I'm afraid the lift cylinder is probly leaking internaly and will need to be rebuilt. This is known as pecking or bobbing. I had the same issue on my ford 600. I also have an MF 20. I just posted my transmission problem. Something sesises up and brings it to a hault killing the engine, but I can re-start and take off again.
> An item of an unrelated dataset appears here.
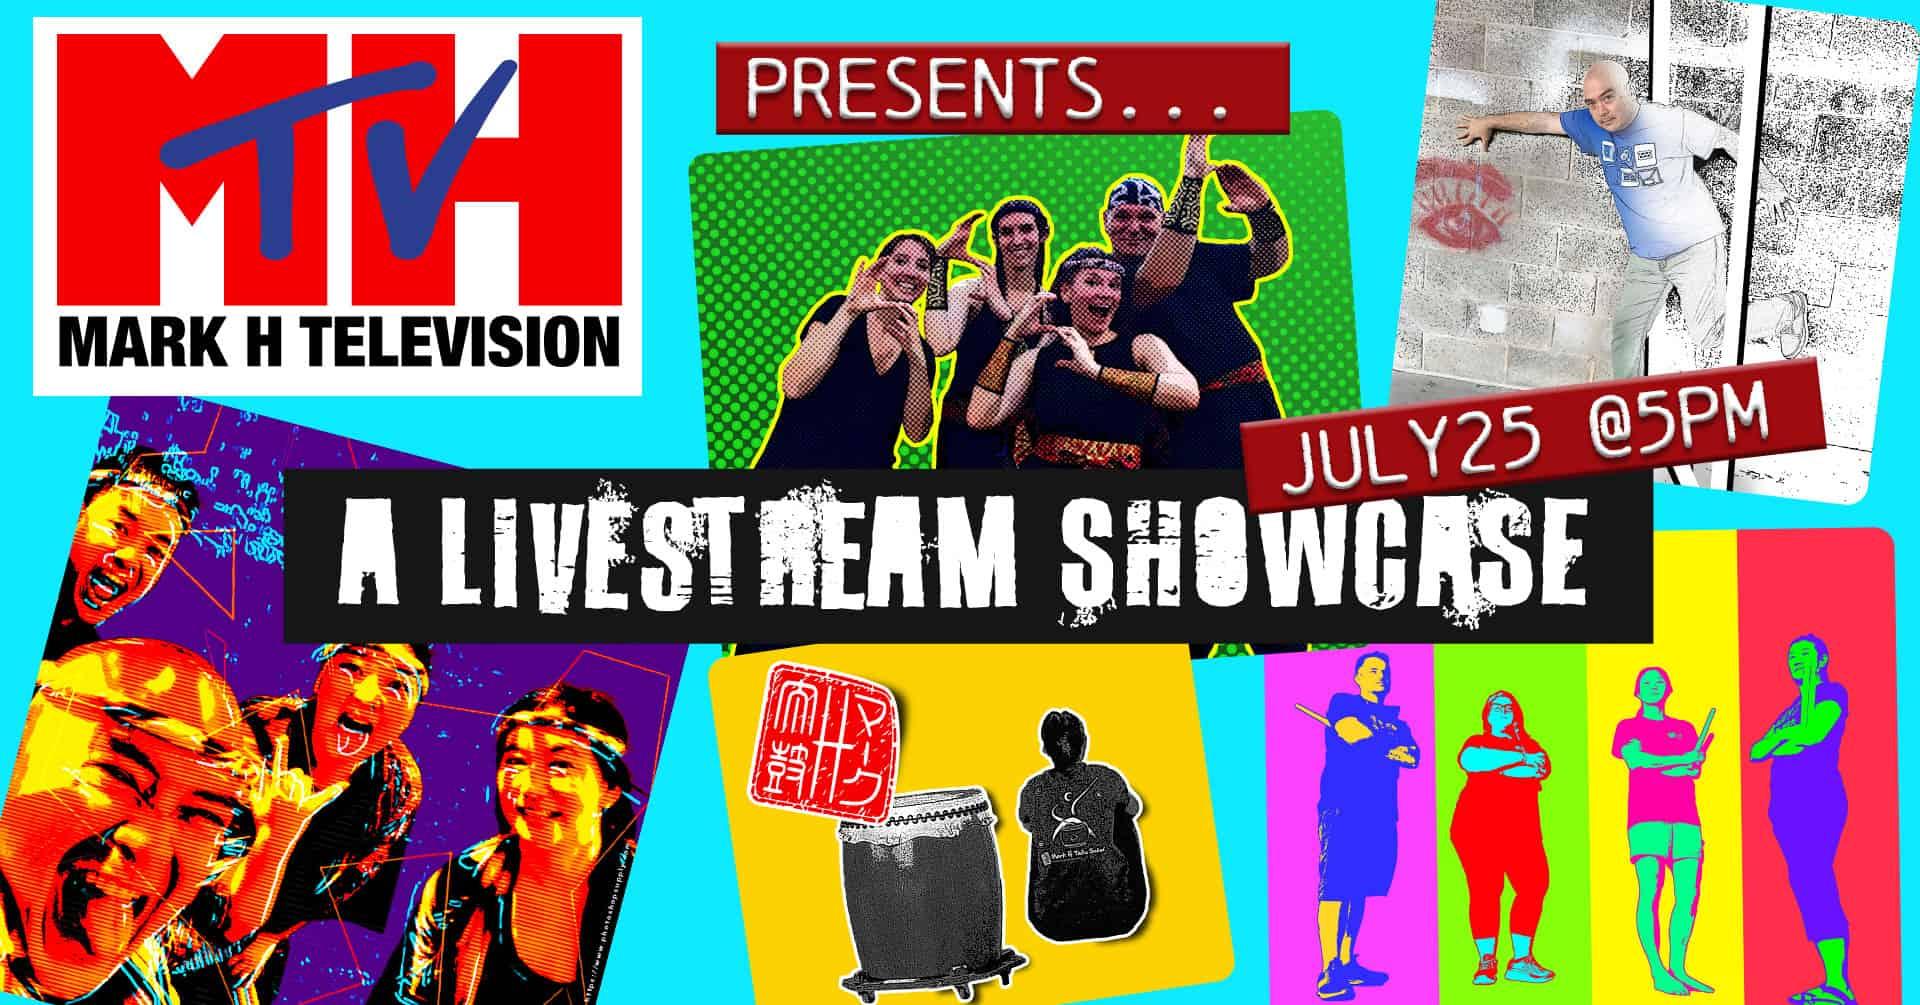 MHTV presents

Good luck with the lift cyinder.


----------



## shona13 (Aug 12, 2011)

G'day tinnern.
The problem is either a broken piston ring or more likely a stuck suction or discharge valve both in the hydraulic pump ,to fix the pump will have to be removed,just a little bit of advice when you remove the pump it would be best to do a complete overhaul .
The hydraulic lift cylinder has three cast piston rings and most often the piston will leak a little bit of oil,this is *one* of the causes of the three point hitch slowly dropping when the engine is shut off ,if you feel you need to the piston can be removed and remove the piston ring NEAREST the TOP of the piston ,machine the grove out to .1875 Inches deep and .281 inches wide and fit a three sixteen section O ring in the grove this will eliminate all leakage from the lift cylinder .
Happy days.
Hutch.


----------



## Gary Wisniewski (Jan 13, 2018)

shona13 said:


> G'day tinnern.
> The problem is either a broken piston ring or more likely a stuck suction or discharge valve both in the hydraulic pump ,to fix the pump will have to be removed,just a little bit of advice when you remove the pump it would be best to do a complete overhaul .
> The hydraulic lift cylinder has three cast piston rings and most often the piston will leak a little bit of oil,this is *one* of the causes of the three point hitch slowly dropping when the engine is shut off ,if you feel you need to the piston can be removed and remove the piston ring NEAREST the TOP of the piston ,machine the grove out to .1875 Inches deep and .281 inches wide and fit a three sixteen section O ring in the grove this will eliminate all leakage from the lift cylinder .
> Happy days.
> Hutch.


First post, hello all and thank you in advance.
My issue started when I was using tractor mowing brush in between bedded pines, bush hog got stuck and 3 point quit working. after tearing it a part we found that lift cylinder pump housing was broke in several places and the bolts were shared off, we replaced the pump, bolts, new pistons, rod, and rings. 2 times now, all seems to goes together correctly. but before 3 point can be lifted all the way up in about 10 seconds, (lift arms only appox. 3/4 of the way up), the cylinder has blew apart 2 more times making 3 times including the first time, what are we missing or doing wrong? your help is needed!​


----------